Wisdom calls for early eradication of the virus without providing it time and opportunity to better adapt to human hosts and alter behaviour, antigenicity, or virulence.

We must pre-empt the virus from adapting itself to non-human vertebrates, potentially allowing them to become non-human reservoirs. If that happens, COVID-19 will become theoretically non-eradicable. Already canines, felines, and fur animals (mink and fox) are found to be susceptible to infection—we must not allow time for virus adaptation to any domestic, farm, or wild animals. As mink-to-human transmission has already occurred on limited occasions, no doubt there will be strict infection control in mink farms, but leaks are always possible.¹⁰ Although such infections have been stray instances of reverse zoonosis (human-to-vertebrate transmission), the natural extension of transmissibility is continued enzootic transmission.

Non-pharmacological deterrents of transmission require social distancing. Humans need social interactions from the cradle to the deathbed. Economic reconstruction and administrative, health management, recreational, educational, and religious activities require social interactions. However, social interactions will promote virus transmission when it is endemic, a potential catch-22.
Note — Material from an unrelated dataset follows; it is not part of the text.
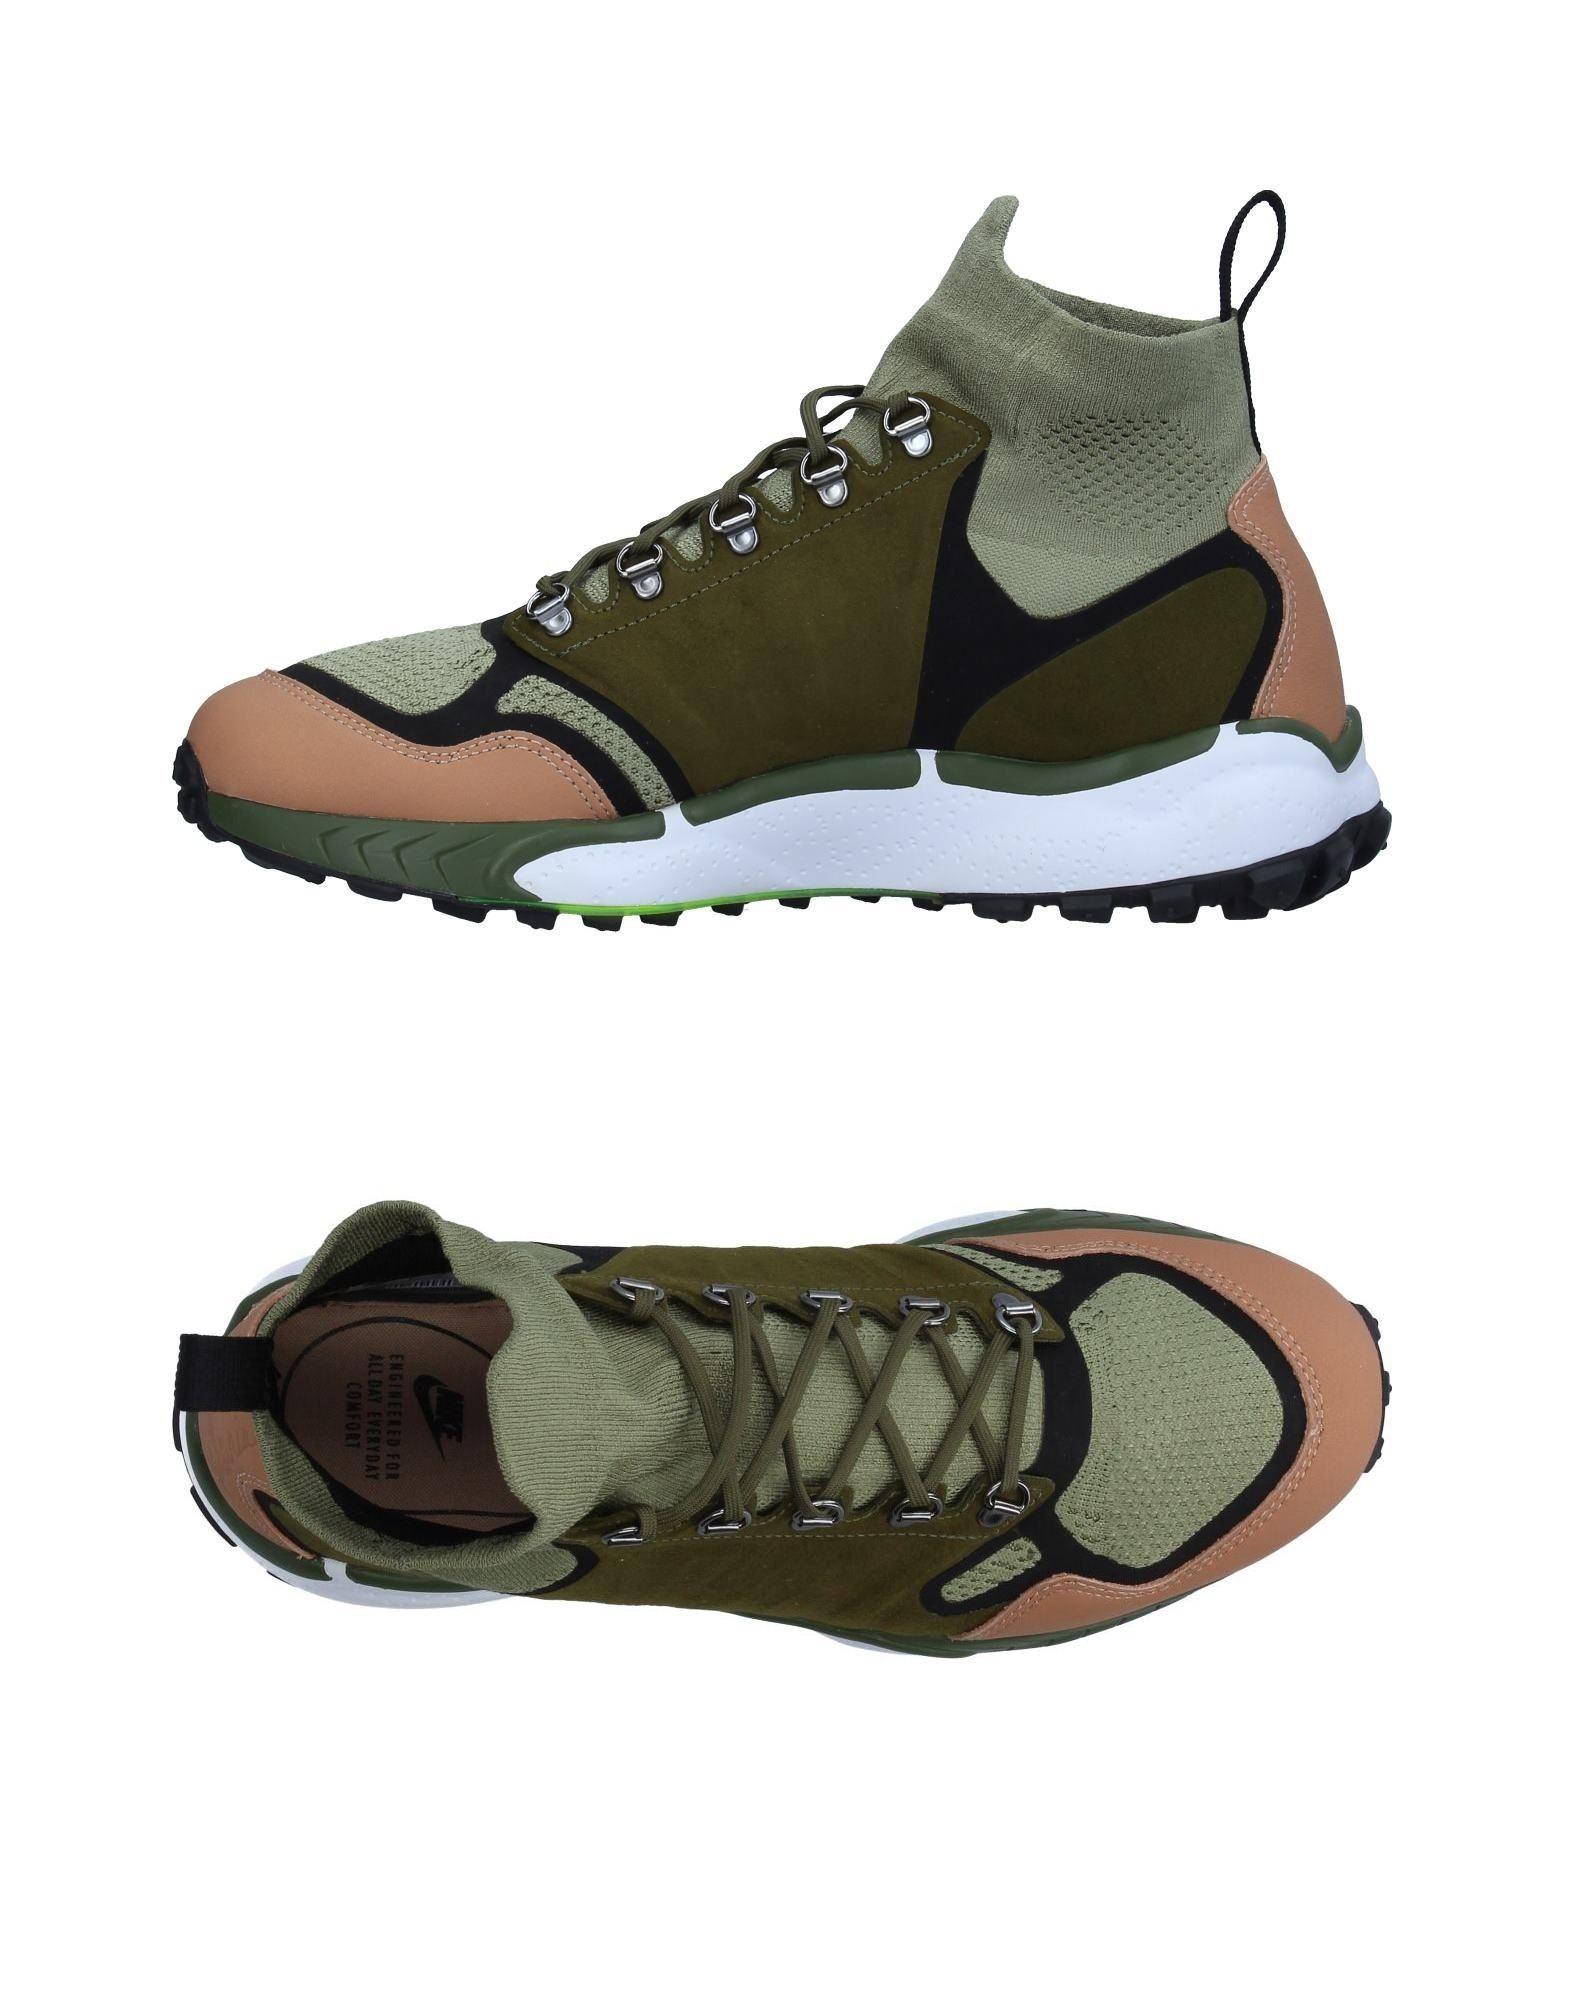 Moda Scarpe da Uomo Ginnastica Nike Uomo da - 11335613PN 1b5a62
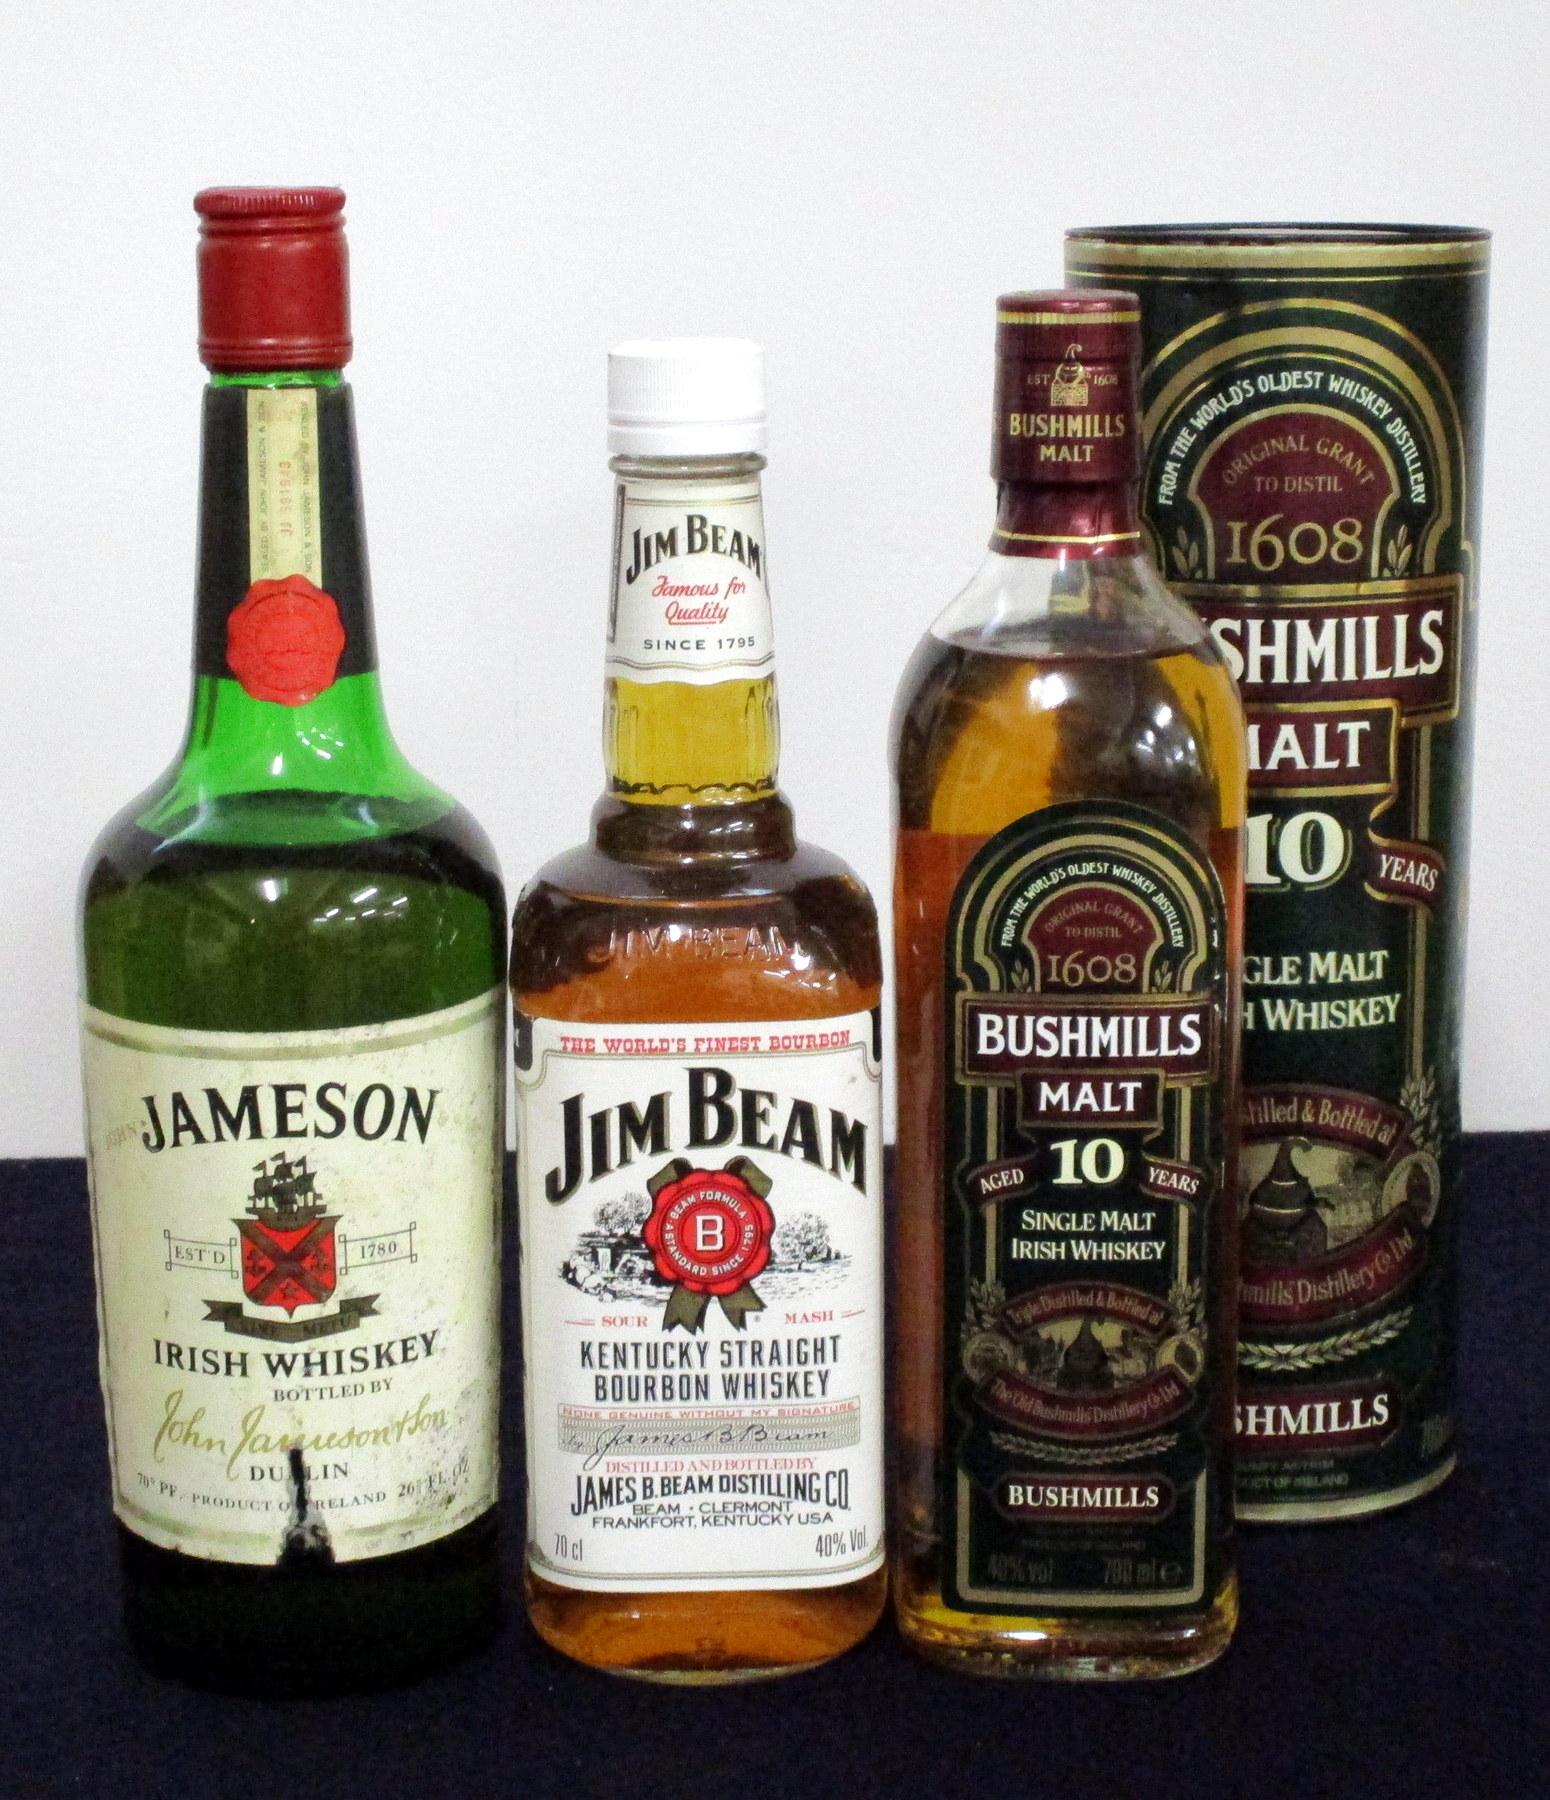 1 26 2/3 fl oz bt Jameson Irish Whiskey 70° proof sl cd/aged label, sl ullaged (us) 1 70-cl bt Jim

Most important, we must galvanize the world to prepare for eradication while the memory of the nightmare of the pandemic remains fresh in the public’s mind and when public cooperation can readily be solicited. Technically, the best opportunity to eradicate the coronavirus will be in the near-term, when herd immunity will be extremely high as the pandemic peaks and evolves as pan-endemic.

What will it take to develop a global agenda for eradication?

Eradication becomes a global agenda only when the World Health Assembly passes a resolution to commit the World Health Organisation and its member nations to join in partnership to achieve this goal. For the reasons argued above, eradication must be achieved in the shortest possible time—ideally as short as five years or perhaps a little longer, according to practicality and our collective wisdom. Eradication has to be formally certified, which will take one or two more years.

An innovative immunisation platform will have to be imaginatively created as the existing ones, such as the Expanded Programme on Immunisation, will be insufficient for eradication. The majority of infections are asymptomatic, hence invisible and silent. Children must be vaccinated in spite of low risk of disease; adolescents and adults, young and old, must be vaccinated although individually they may feel no reason for it. Herd immunity must be rapidly built up through high vaccination coverage. The pandemic has taught us a new way of looking at human health problems—and that innovative solutions must be developed.

Eradication, as an inevitably gargantuan project, will require a huge commitment of human and financial resources across the globe. Implementation will require innovative financial design and must be faster than our past performances addressing global public health problems, including polio eradication. Scepticism from strong quarters is to be expected and must be countered through persuasive thought leadership and a concerted global educational campaign.

The interventions for effective control of the pandemic or country-level epidemics, and for eradication, should not be conceived of as sequential but as simultaneous or overlapping as necessary. We should be ready to implement the eradication programme as soon as a primary prevention tool becomes available. All the deliberations needed and the resolve and resolutions commensurate with the enormity of the challenges should be ready to be in fast-forward gear.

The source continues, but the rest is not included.